• RECORDS FOR THIS TASK:

= = = = =

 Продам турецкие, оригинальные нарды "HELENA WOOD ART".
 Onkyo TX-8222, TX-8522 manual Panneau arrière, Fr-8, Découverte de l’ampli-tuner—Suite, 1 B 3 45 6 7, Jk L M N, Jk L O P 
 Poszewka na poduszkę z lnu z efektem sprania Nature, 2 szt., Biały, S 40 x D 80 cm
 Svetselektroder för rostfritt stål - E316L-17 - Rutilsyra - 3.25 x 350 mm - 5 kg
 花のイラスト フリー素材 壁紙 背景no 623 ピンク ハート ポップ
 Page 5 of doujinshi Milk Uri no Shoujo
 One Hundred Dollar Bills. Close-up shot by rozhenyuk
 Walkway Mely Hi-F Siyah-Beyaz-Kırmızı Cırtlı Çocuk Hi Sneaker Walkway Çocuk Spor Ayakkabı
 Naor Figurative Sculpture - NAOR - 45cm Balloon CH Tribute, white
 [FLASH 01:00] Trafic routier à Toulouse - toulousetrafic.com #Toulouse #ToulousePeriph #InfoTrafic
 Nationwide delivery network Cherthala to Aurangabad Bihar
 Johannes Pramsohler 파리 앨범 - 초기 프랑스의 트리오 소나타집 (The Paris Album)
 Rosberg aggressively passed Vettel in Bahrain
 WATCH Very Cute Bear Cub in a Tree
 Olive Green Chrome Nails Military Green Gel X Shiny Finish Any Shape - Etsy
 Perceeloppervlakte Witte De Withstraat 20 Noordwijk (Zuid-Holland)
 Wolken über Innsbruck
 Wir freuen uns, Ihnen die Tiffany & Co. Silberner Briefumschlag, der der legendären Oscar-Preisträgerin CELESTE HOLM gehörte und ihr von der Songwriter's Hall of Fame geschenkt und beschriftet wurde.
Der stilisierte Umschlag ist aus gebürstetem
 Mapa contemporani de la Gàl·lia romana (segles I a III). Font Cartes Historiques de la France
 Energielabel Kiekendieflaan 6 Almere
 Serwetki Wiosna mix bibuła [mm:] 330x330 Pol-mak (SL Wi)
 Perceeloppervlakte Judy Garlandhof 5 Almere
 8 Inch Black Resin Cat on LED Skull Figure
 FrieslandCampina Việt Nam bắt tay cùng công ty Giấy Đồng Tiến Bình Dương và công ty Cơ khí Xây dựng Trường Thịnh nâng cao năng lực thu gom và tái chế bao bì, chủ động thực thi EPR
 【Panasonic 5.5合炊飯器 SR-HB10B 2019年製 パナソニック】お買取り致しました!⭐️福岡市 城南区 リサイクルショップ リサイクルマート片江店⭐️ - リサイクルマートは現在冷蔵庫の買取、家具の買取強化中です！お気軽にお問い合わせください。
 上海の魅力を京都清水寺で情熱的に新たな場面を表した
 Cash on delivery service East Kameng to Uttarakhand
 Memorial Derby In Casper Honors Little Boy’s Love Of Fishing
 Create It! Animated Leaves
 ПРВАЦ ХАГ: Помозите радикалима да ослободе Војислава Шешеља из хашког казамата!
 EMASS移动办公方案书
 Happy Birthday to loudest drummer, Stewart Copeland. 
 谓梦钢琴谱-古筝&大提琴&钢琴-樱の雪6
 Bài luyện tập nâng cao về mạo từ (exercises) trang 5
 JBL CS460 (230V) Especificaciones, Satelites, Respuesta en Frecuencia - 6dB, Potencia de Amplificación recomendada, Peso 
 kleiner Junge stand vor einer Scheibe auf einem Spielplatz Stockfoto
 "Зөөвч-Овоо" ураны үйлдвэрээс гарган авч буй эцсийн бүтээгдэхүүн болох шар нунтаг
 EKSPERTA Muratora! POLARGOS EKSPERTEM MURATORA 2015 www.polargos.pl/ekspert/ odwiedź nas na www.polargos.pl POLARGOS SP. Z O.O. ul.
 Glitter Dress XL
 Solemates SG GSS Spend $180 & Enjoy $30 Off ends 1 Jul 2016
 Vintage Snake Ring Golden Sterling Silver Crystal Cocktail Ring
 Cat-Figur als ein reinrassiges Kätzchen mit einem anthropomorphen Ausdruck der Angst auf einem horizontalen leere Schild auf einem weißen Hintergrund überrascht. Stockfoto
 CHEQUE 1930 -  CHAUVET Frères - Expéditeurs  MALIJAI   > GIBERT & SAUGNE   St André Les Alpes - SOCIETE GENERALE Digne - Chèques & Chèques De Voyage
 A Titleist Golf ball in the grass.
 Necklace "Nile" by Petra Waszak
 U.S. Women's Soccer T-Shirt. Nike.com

= = = = =

• HOW TO COMPLETE THIS TASK:
Each entry in the listing is to be output exactly as given.

• YOUR SOLUTION:
 Продам турецкие, оригинальные нарды "HELENA WOOD ART".
 Onkyo TX-8222, TX-8522 manual Panneau arrière, Fr-8, Découverte de l’ampli-tuner—Suite, 1 B 3 45 6 7, Jk L M N, Jk L O P 
 Poszewka na poduszkę z lnu z efektem sprania Nature, 2 szt., Biały, S 40 x D 80 cm
 Svetselektroder för rostfritt stål - E316L-17 - Rutilsyra - 3.25 x 350 mm - 5 kg
 花のイラスト フリー素材 壁紙 背景no 623 ピンク ハート ポップ
 Page 5 of doujinshi Milk Uri no Shoujo
 One Hundred Dollar Bills. Close-up shot by rozhenyuk
 Walkway Mely Hi-F Siyah-Beyaz-Kırmızı Cırtlı Çocuk Hi Sneaker Walkway Çocuk Spor Ayakkabı
 Naor Figurative Sculpture - NAOR - 45cm Balloon CH Tribute, white
 [FLASH 01:00] Trafic routier à Toulouse - toulousetrafic.com #Toulouse #ToulousePeriph #InfoTrafic
 Nationwide delivery network Cherthala to Aurangabad Bihar
 Johannes Pramsohler 파리 앨범 - 초기 프랑스의 트리오 소나타집 (The Paris Album)
 Rosberg aggressively passed Vettel in Bahrain
 WATCH Very Cute Bear Cub in a Tree
 Olive Green Chrome Nails Military Green Gel X Shiny Finish Any Shape - Etsy
 Perceeloppervlakte Witte De Withstraat 20 Noordwijk (Zuid-Holland)
 Wolken über Innsbruck
 Wir freuen uns, Ihnen die Tiffany & Co. Silberner Briefumschlag, der der legendären Oscar-Preisträgerin CELESTE HOLM gehörte und ihr von der Songwriter's Hall of Fame geschenkt und beschriftet wurde.
Der stilisierte Umschlag ist aus gebürstetem
 Mapa contemporani de la Gàl·lia romana (segles I a III). Font Cartes Historiques de la France
 Energielabel Kiekendieflaan 6 Almere
 Serwetki Wiosna mix bibuła [mm:] 330x330 Pol-mak (SL Wi)
 Perceeloppervlakte Judy Garlandhof 5 Almere
 8 Inch Black Resin Cat on LED Skull Figure
 FrieslandCampina Việt Nam bắt tay cùng công ty Giấy Đồng Tiến Bình Dương và công ty Cơ khí Xây dựng Trường Thịnh nâng cao năng lực thu gom và tái chế bao bì, chủ động thực thi EPR
 【Panasonic 5.5合炊飯器 SR-HB10B 2019年製 パナソニック】お買取り致しました!⭐️福岡市 城南区 リサイクルショップ リサイクルマート片江店⭐️ - リサイクルマートは現在冷蔵庫の買取、家具の買取強化中です！お気軽にお問い合わせください。
 上海の魅力を京都清水寺で情熱的に新たな場面を表した
 Cash on delivery service East Kameng to Uttarakhand
 Memorial Derby In Casper Honors Little Boy’s Love Of Fishing
 Create It! Animated Leaves
 ПРВАЦ ХАГ: Помозите радикалима да ослободе Војислава Шешеља из хашког казамата!
 EMASS移动办公方案书
 Happy Birthday to loudest drummer, Stewart Copeland. 
 谓梦钢琴谱-古筝&大提琴&钢琴-樱の雪6
 Bài luyện tập nâng cao về mạo từ (exercises) trang 5
 JBL CS460 (230V) Especificaciones, Satelites, Respuesta en Frecuencia - 6dB, Potencia de Amplificación recomendada, Peso 
 kleiner Junge stand vor einer Scheibe auf einem Spielplatz Stockfoto
 "Зөөвч-Овоо" ураны үйлдвэрээс гарган авч буй эцсийн бүтээгдэхүүн болох шар нунтаг
 EKSPERTA Muratora! POLARGOS EKSPERTEM MURATORA 2015 www.polargos.pl/ekspert/ odwiedź nas na www.polargos.pl POLARGOS SP. Z O.O. ul.
 Glitter Dress XL
 Solemates SG GSS Spend $180 & Enjoy $30 Off ends 1 Jul 2016
 Vintage Snake Ring Golden Sterling Silver Crystal Cocktail Ring
 Cat-Figur als ein reinrassiges Kätzchen mit einem anthropomorphen Ausdruck der Angst auf einem horizontalen leere Schild auf einem weißen Hintergrund überrascht. Stockfoto
 CHEQUE 1930 -  CHAUVET Frères - Expéditeurs  MALIJAI   > GIBERT & SAUGNE   St André Les Alpes - SOCIETE GENERALE Digne - Chèques & Chèques De Voyage
 A Titleist Golf ball in the grass.
 Necklace "Nile" by Petra Waszak
 U.S. Women's Soccer T-Shirt. Nike.com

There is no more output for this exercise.